We now have a formula without infinities and the cut-off removed. This is what renormalisation is about. By assuming some cut-off and expressing our formulas in quantities that can be measured, in the above, the renormalised coupling constant, we can actually predict things. There is nothing mathematically dubious happening. It’s a very reasonable and straight forward process.

There is more, indeed a lot more, that can be said. If anyone wants to go further I have found the following good:

http://arxiv.org/abs/hep-th/0212049

Hopefully this very basic introduction has demystified what is really a simple concept.

Wow, that's all renormalization is? Just saying, "Let's not use our theory at absurdly high energies"?

Can you explain more why the improper integral over momentum blows up?

Nice first entry @bhobba

Hi Guys

Thanks so much for your likes – its appreciated.

One thing I wanted to mention, but didn’t since I wanted to keep it short, is why, since the solution is actually quite straightforward, it took so long to sort out.

To see the issue, we defined λr in a certain way to be a function of λ and the cutoff. To second order, once we invert the function, λ = λr + aλr^2.

λ’ = λ + (f(K) + Clog(Λ^2))λ^2 = λr + aλr^2 + (f(K) + Clog(Λ^2))λr^2.

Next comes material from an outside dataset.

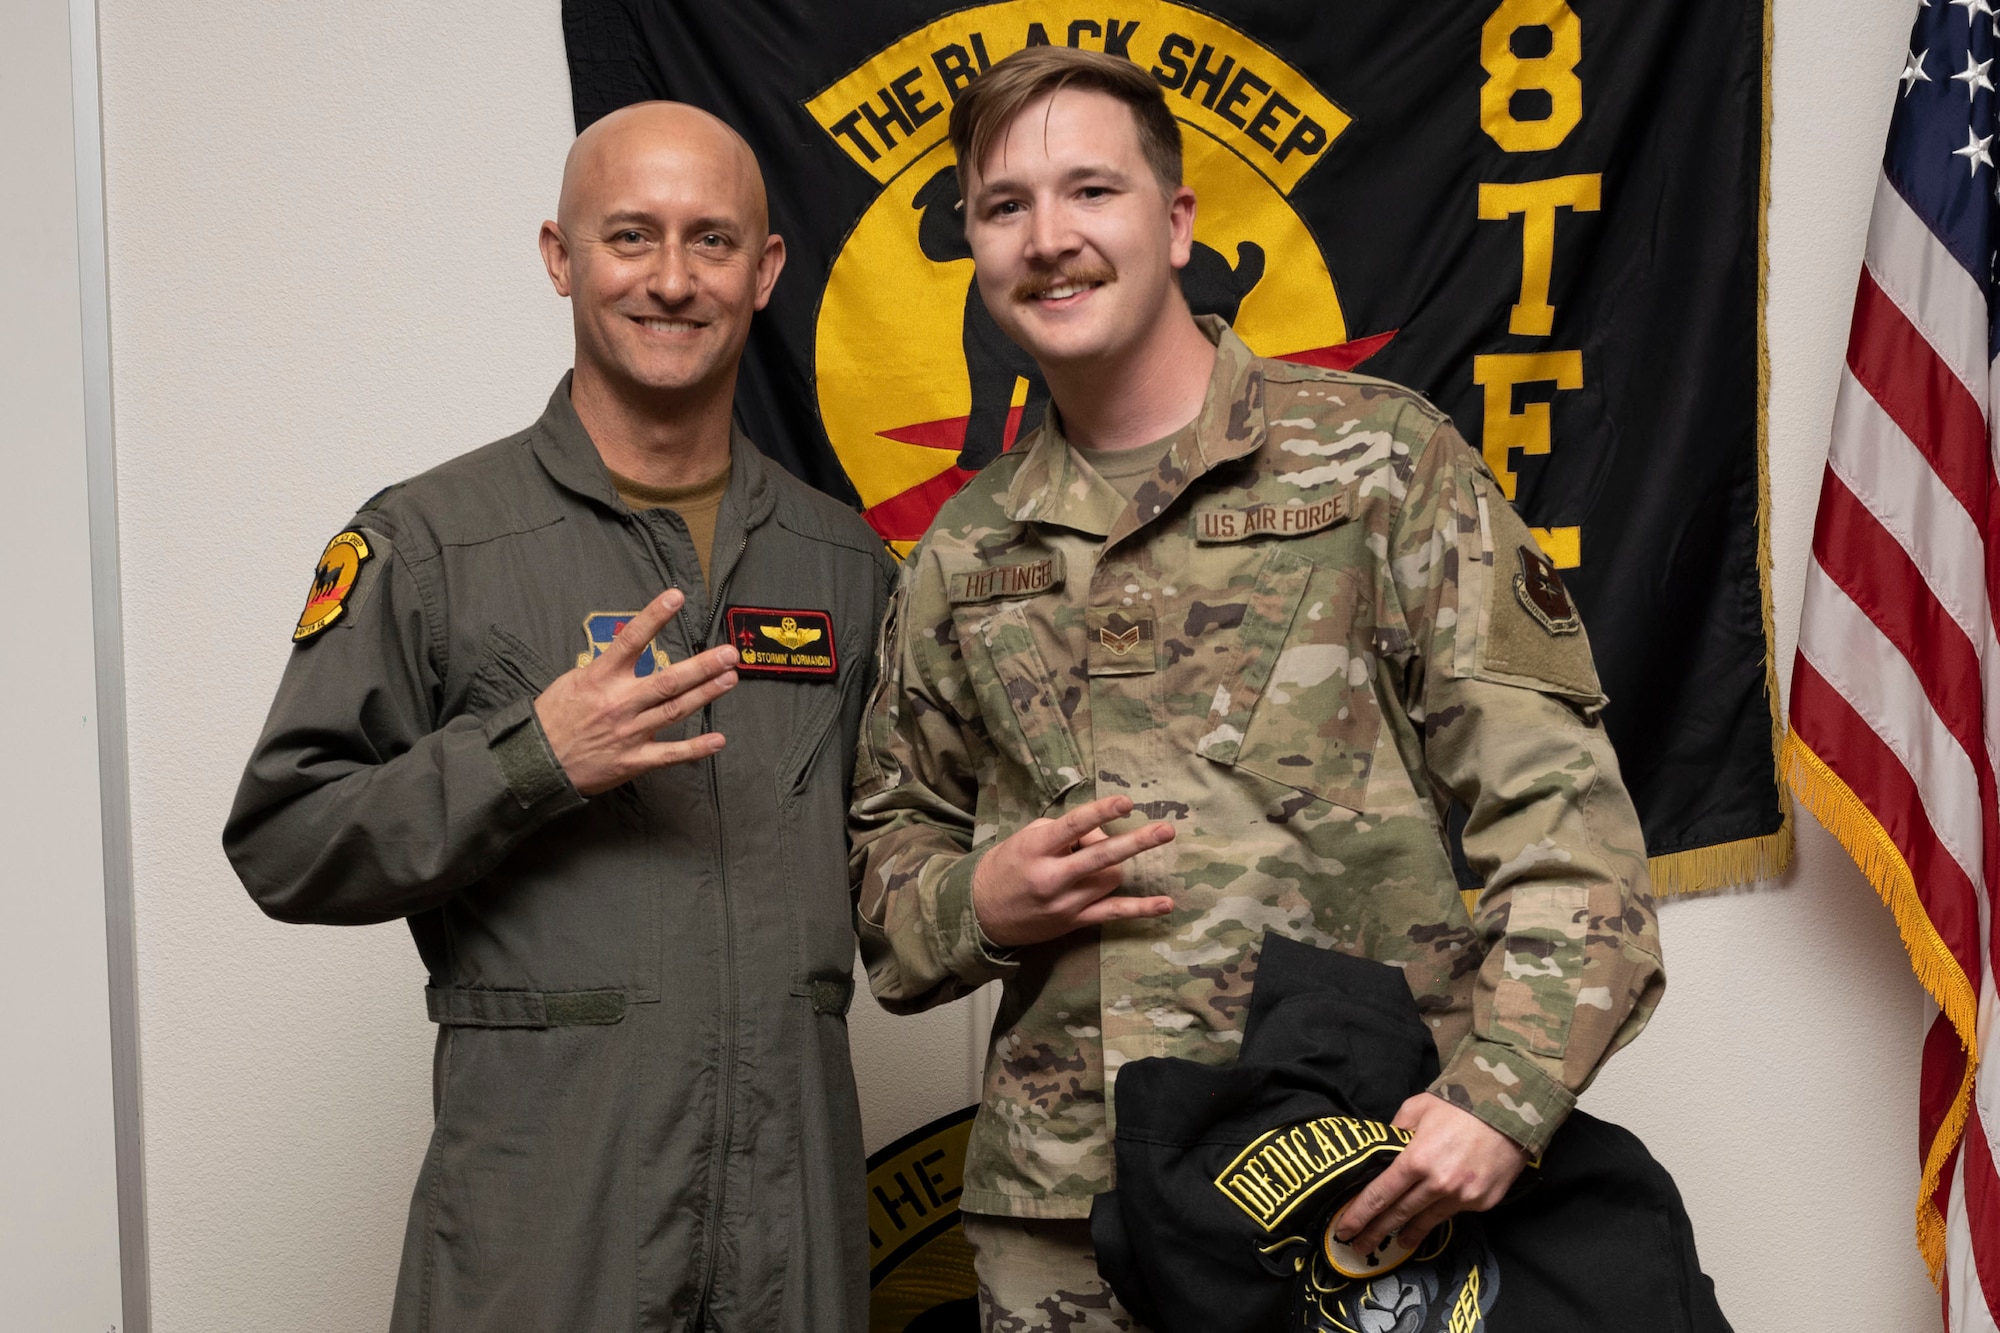 U.S. Air Force Senior Airman Brandon Hettinger, 8th Aircraft Maintenance Unit crew chief, right, poses for a photo with U.S. Air Force Lt. Col. George Normandin, 8th Fighter Squadron commander, during a Dedicated Crew Chief Appointment ceremony at Holloman Air Force Base, New Mexico, Jan. 3, 2022. To receive the title of DCC, a crew chief must demonstrate a history of superior performance in their career, comply with all safety practices and complete all required training. (U.S. Air Force photo by Senior Airman Antonio Salfran)
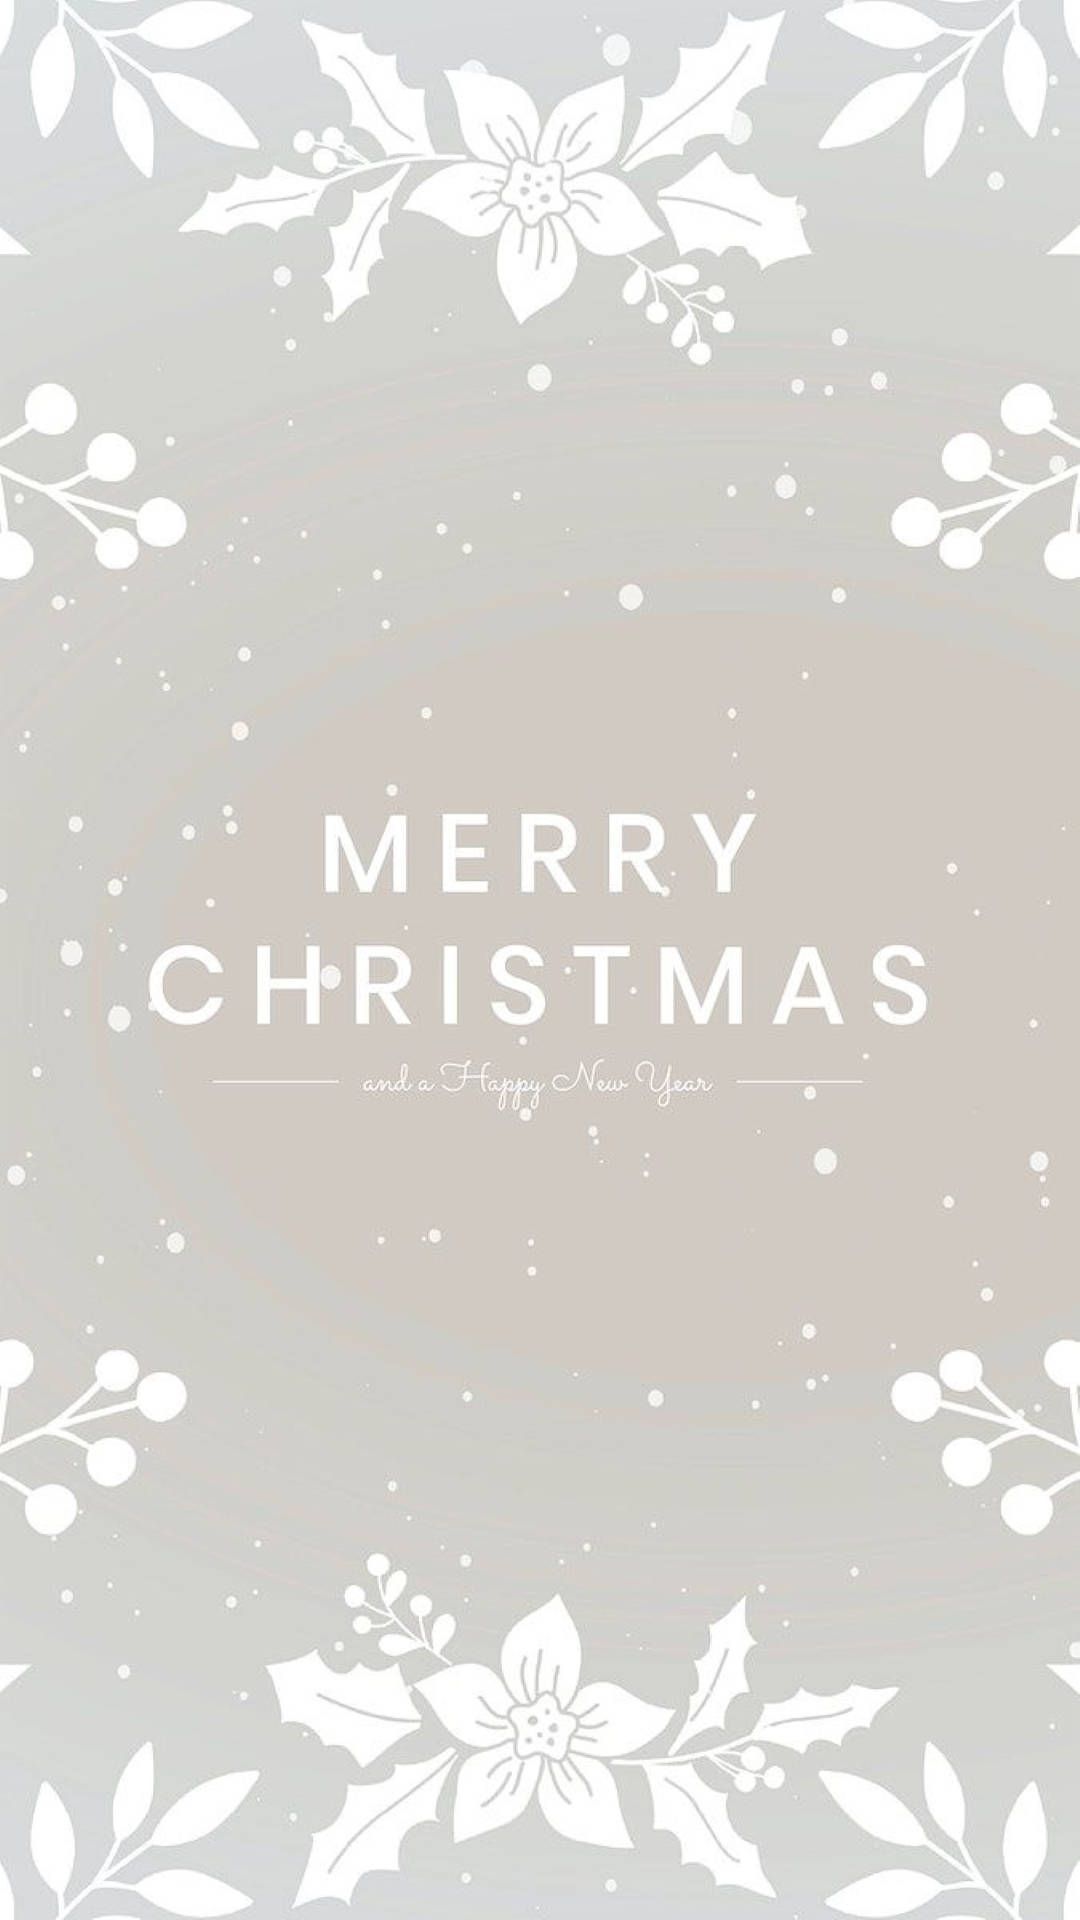 Free Christmas Aesthetic Wallpaper Downloads, Christmas Aesthetic Wallpaper for FREE

Now since λr = λ'(U), λr = λr + aλr^2 + (f(U) + Clog(Λ^2))λr^2 to second order, so

a = -(f(U) + Clog(Λ^2))

Since λ = λr + aλr^2 this means, to second order at least, λ secretly depends on the cutoff, and as the cutoff goes to infinity, so does the coupling constant. Normally when pertubation theory is used, you want what you perturb about to be a lot less than one. If not the higher orders do not get progressively smaller. If, for some reason, that’s not the case, it will likely fail, and you have made a lousy choice of perturbation variable. At the energies we normally access this corresponds to a cutoff that’s not large, and you get a λ that’s small, so you think its ok to perturb about. But, as we have seen, it secretly depends on the cutoff, in fact going to infinity with the cutoff. This makes it a downright lousy choice of what to perturb about. Not understanding this is what caused all these problems and took so long to sort out.

Thanks

Bill

Yes.

Hopefully the post I did above helped understand why it remained a mystery for so long.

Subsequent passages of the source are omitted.